Die Strukturen der γ-Kristalline stammen aus den PDB-Einträgen 1AMM für Rinder-γB49 und 1A45 für Rinder-γF15. PDB2PQR50 wurde verwendet, um Wasserstoffe hinzuzufügen und AMBER-Ladungen zuzuweisen, wobei die Protonierungszustände gemäß PROPKA51 bei pH 7 zugewiesen wurden.
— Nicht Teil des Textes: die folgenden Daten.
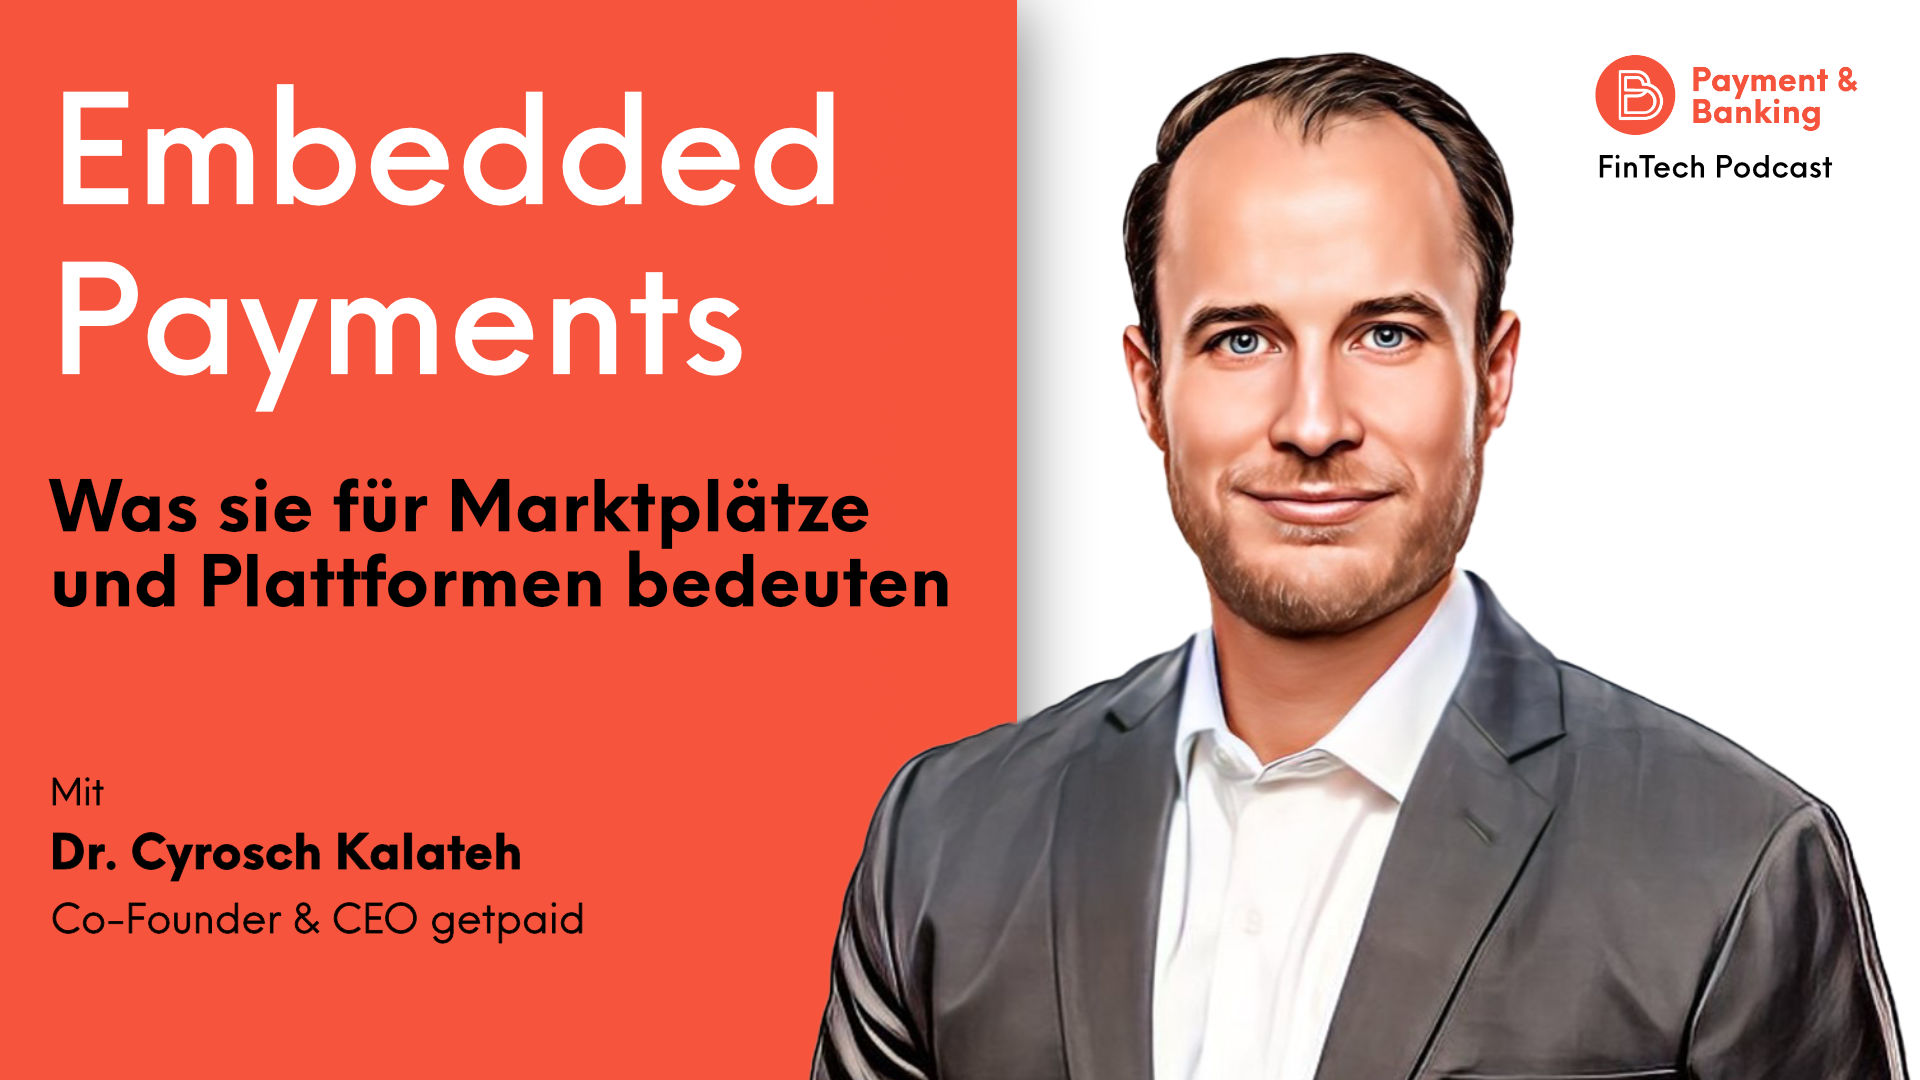 Dr. Cyrosch Kalateh, Co-Founder & CEO getpaid, spricht über die Vorteile von Embedded Payments für Marktplätze und Plattformen.

Die Nettoladung beträgt 0 für γB und +1 für γF. Darüber hinaus wurden 13 weitere hochauflösende (2,3 Å oder besser) γ-Kristallin-Röntgenstrukturen aus der PDB heruntergeladen und auf ähnliche Weise verarbeitet (siehe Abb. 7 für PDB-Namen). Die S130W-Mutation von γB wurde modelliert, indem die Seitenkette von Trp130 in γF nach Strukturausrichtung unter Verwendung aller Rückgratatome gepfropft wurde. Die neu eingeführte Trp130-Seitenkette kollidierte mit der nahegelegenen Arg147-Seitenkette, und so wurden diese beiden Seitenketten durch Minimierung der steilsten Abstiegsenergie in UCSF Chimera52 verfeinert. Die W130S-Mutation von γF wurde ähnlich modelliert. Vier der fünf menschlichen γD-Strukturen (außer 1HK0) enthielten Einzel- oder Doppelmutationen; Jede der mutierten Seitenketten wurde in die Wildtyp-Seitenkette zurückverwandelt, indem die entsprechende Seitenkette in 1HK0 gepfropft wurde (nach Strukturausrichtung unter Verwendung von Rückgratatomen des betreffenden Rests plus zwei benachbarten Resten in beide Richtungen) und anschließende Energieminimierung. Sofern nicht anders angegeben, betrug die Ionenstärke 0,24 M, basierend auf 100 mM Phosphatpuffer bei pH 7,1 in experimentellen Studien zur Phasentrennung von γ-Kristallin19.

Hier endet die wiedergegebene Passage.